Effects of welding fume treatment on cellular viability. (A‐B) Significant decreases in cellular viability were observed in GMAW‐MS–treated cells at both 4 h and 24 h when exposed to 100 µg/mL of the non‐soluble fraction of welding fume. (C and D) Significant decreases in viability were observed in cells treated with GMAW‐SS at both 4 h and 24 h when compared to controls. (E‐F) SMAW‐SS had the greatest effect on cellular viability compared to GMAW‐MS and SMAW‐SS. ^aTreatment vs negative Ctrl; ^bTreatment vs Cr(VI); ^cSoluble vs non‐soluble (within treatment group)

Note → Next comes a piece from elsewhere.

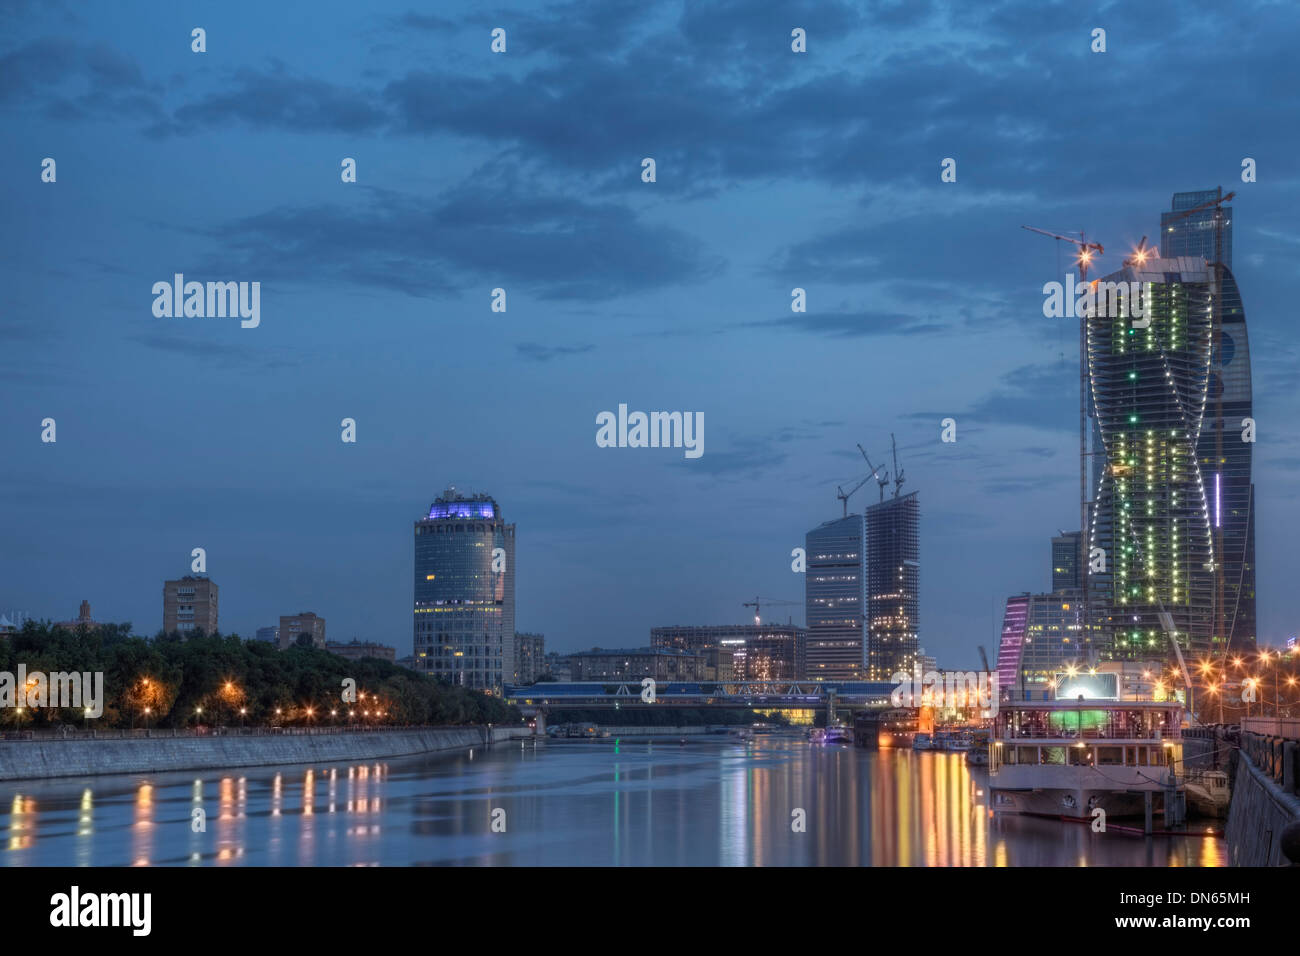 City skyline illuminated at night, Moscow, Russia Stock Photo

3.5. Production of ^•OH is directly proportional to Cr(VI) content in welding fumes

Figure 4A shows the production of ^•OH in welding fume‐treated trophoblast cells. Though all treatment groups produced significantly more ^•OH when compared to negative controls, cells treated with SMAW‐SS produced the most ^•OH, at levels comparable to the Cr(VI)‐positive control. Figure 4B shows representative EPR spectra.

Solubilized welding fumes generate the most ^•OH. Signal intensity (peak height) was measured and used to determine the relative amounts of ^•OH produced. (A) GMAW‐MS, GMAW‐SS, and SMAW‐SS exposures in HTR‐8/SVneo cells led to the production of ^•OH. The soluble fractions of both SS welding fumes generated the greatest production. (B) Representative spectra are shown. ^aTreatment vs negative control; ^bTreatment vs Cr(VI); ^cSoluble vs non‐soluble (within treatment group); ^dGMAW‐MS vs GMAW‐SS (soluble fraction); ^eGMAW‐MS vs SMAW‐SS (soluble fraction); ^gGMAW‐SS vs SMAW‐SS (soluble fraction)

3.6. Significant production of intracellular ROS caused by welding fumes

Over the course of a 6‐h time period, cells exposed to 10 µg/mL of solubilized SMAW‐SS produced significantly greater amounts of intracellular ROS compared with cells exposed to GMAW‐MS and GMAW‐SS (Figure 5A). When cells were exposed to the same dose of welding fume, but the non‐soluble fraction, the production of intracellular ROS in SMAW‐SS treated cells was significantly greater at the 2‐, 4‐, and 6‐hour timepoint when compared to GMAW‐SS, but not GMAW‐MS. A significant difference in intracellular ROS production between GMAW‐MS and GMAW‐SS was only detected at the 6‐hour timepoint (Figure 5B). When the dose of welding fume exposure was increased to 50 µg/mL, cells treated with solubilized GMAW‐SS and SMAW‐SS produced the greatest amounts of intracellular ROS when compared to negative controls (Figure 5C). Finally, when cells were exposed to the non‐soluble fraction of welding fumes at a dose of 50 µg/mL, SMAW‐SS produced significantly greater ROS compared with GMAW‐MS and GMAW‐SS between 2 and 6 hours (Figure 5D).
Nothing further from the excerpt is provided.